The listing that follows should be copied in full and exactly, with no pictures.

- **Available data**:
[Start of Attachment]

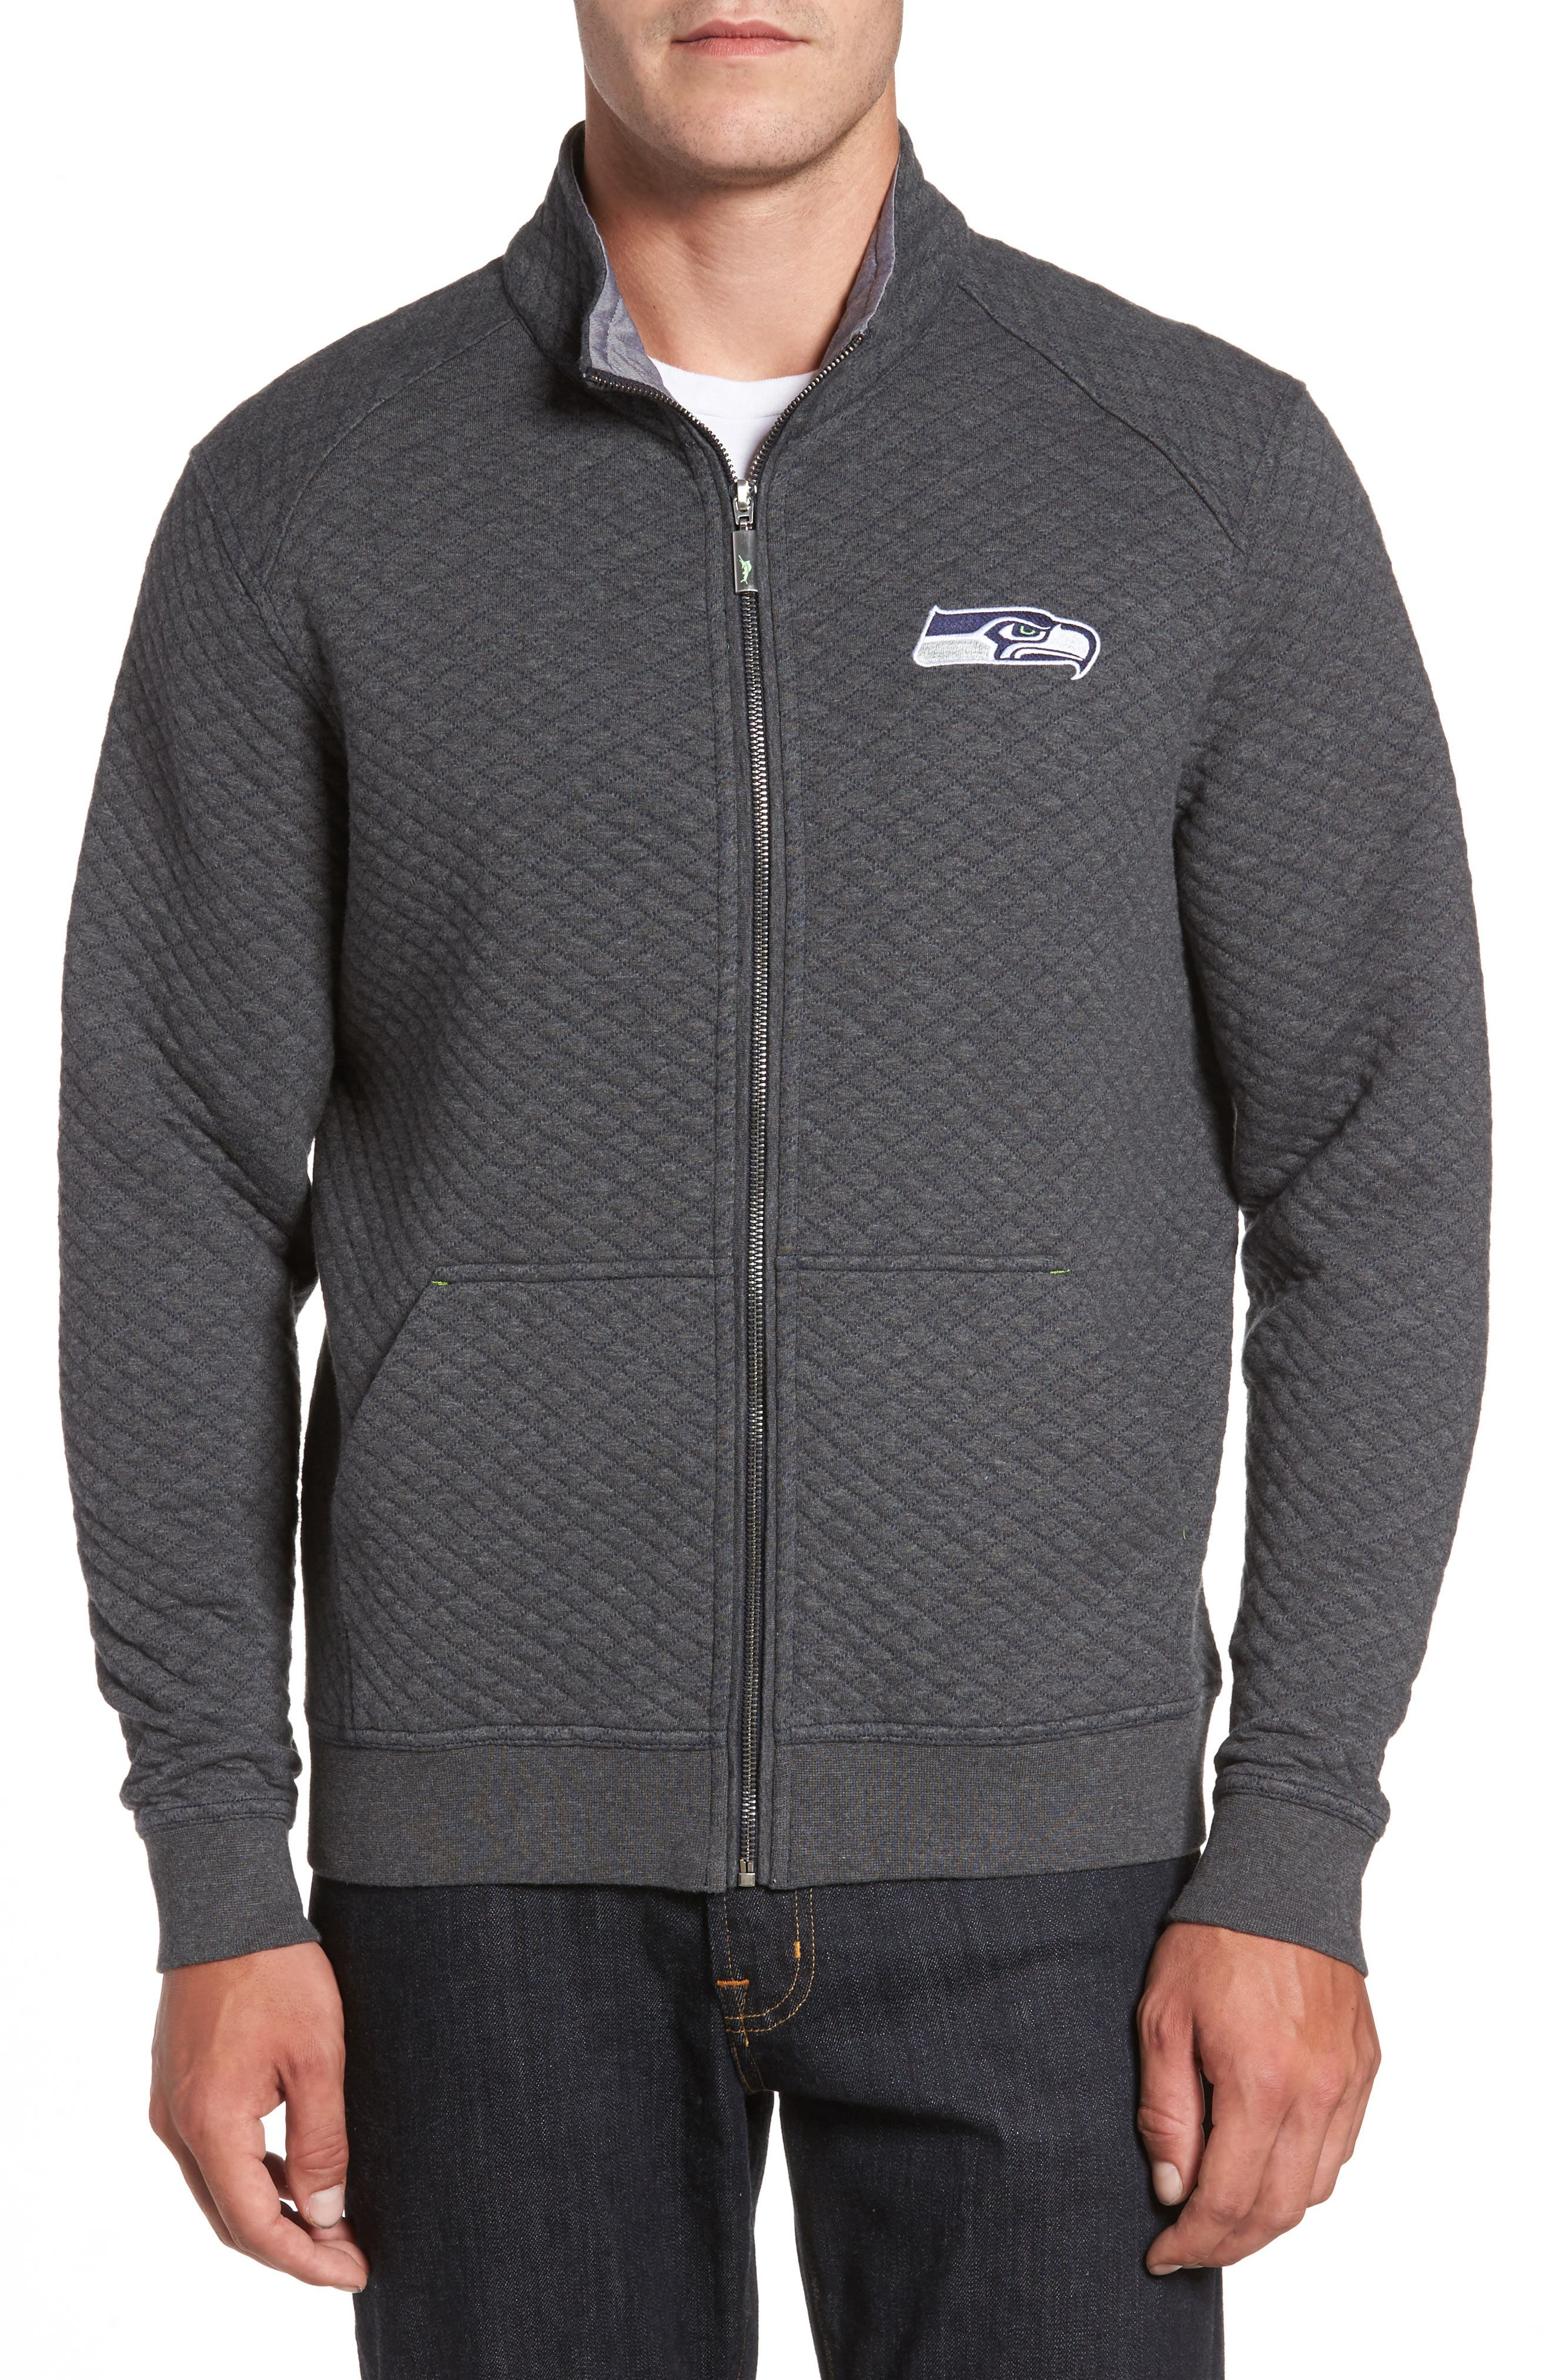 Tommy Bahama NFL Quiltessential Full Zip Sweatshirt
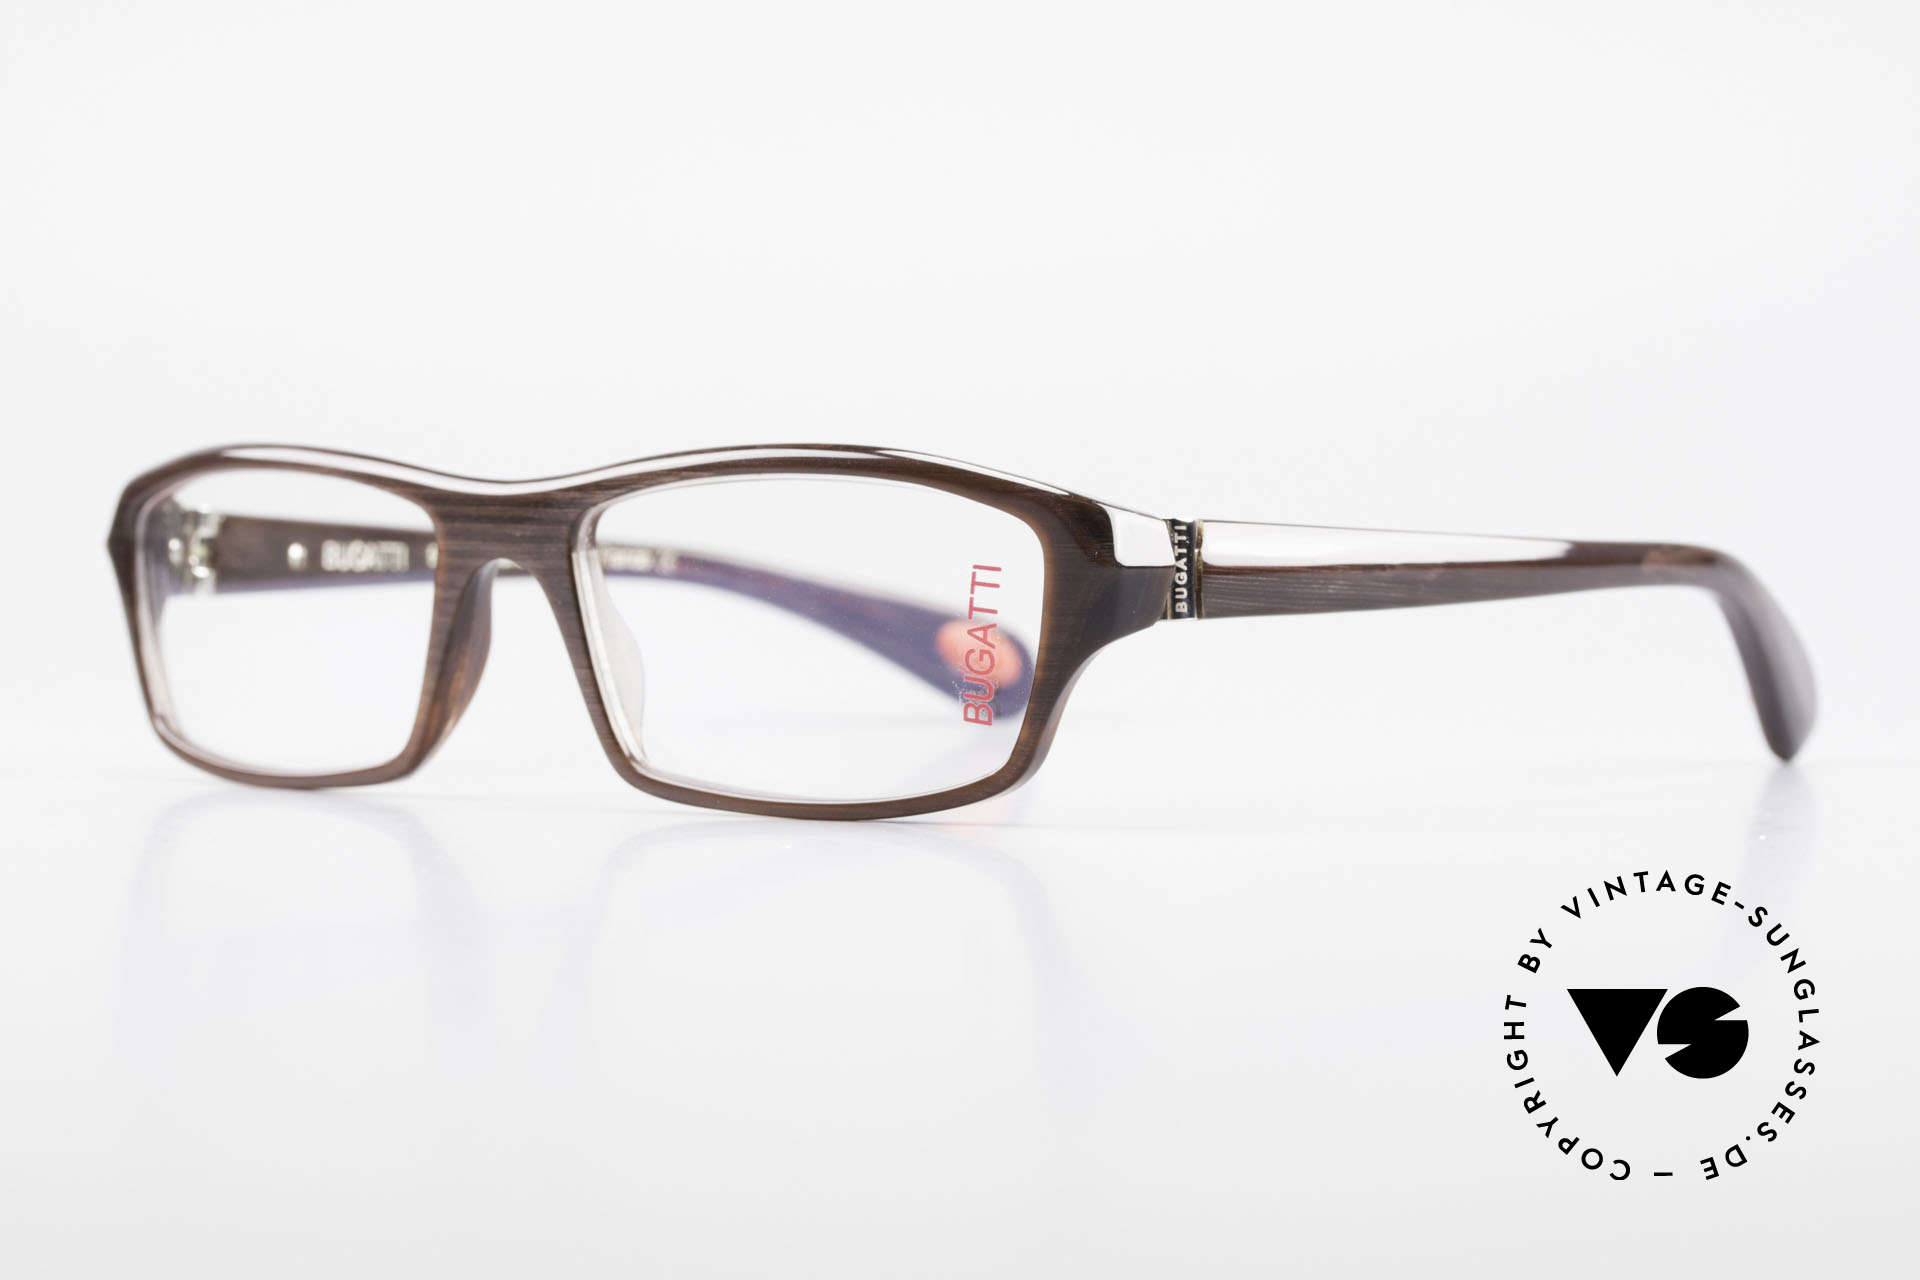 Bugatti 471 Vintage Designer Glasses Men, 1. class wearing comfort due to spring hinges, Made for Men
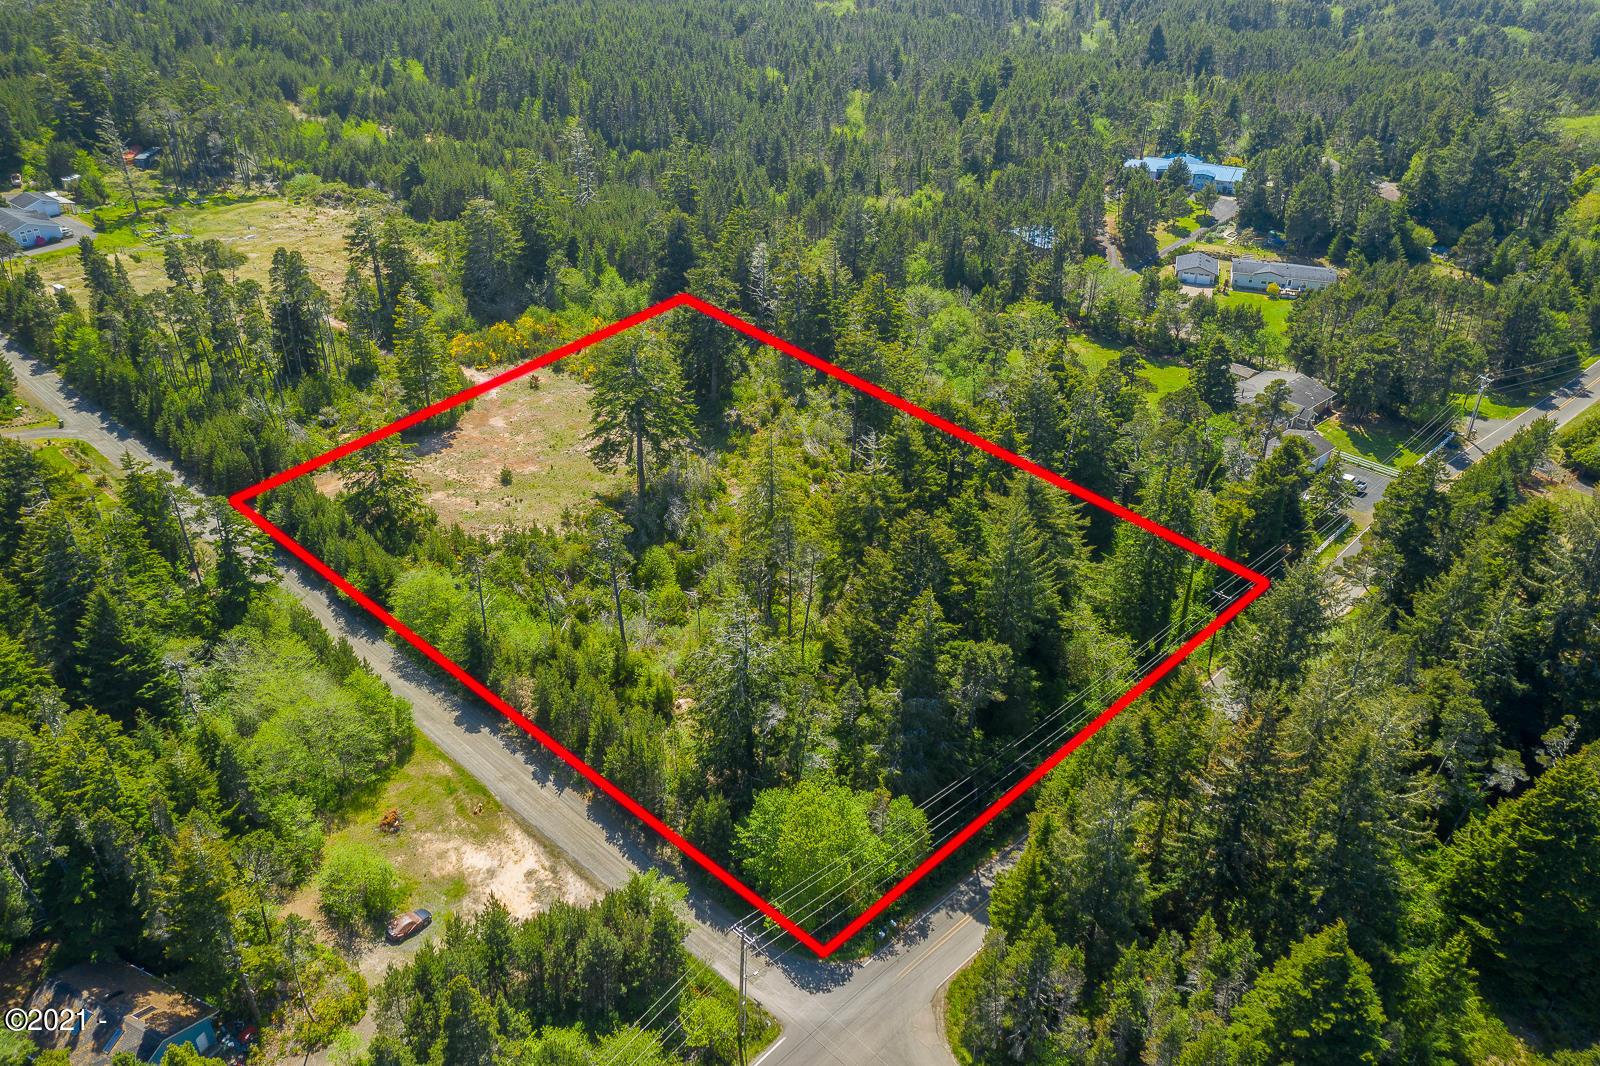 701 Kimberley Street, Seal Rock, OR 97376 - Aerial of Lot

[End of Attachment]

- **Final answer**:
 Tommy Bahama NFL Quiltessential Full Zip Sweatshirt
 Bugatti 471 Vintage Designer Glasses Men, 1. class wearing comfort due to spring hinges, Made for Men
 701 Kimberley Street, Seal Rock, OR 97376 - Aerial of Lot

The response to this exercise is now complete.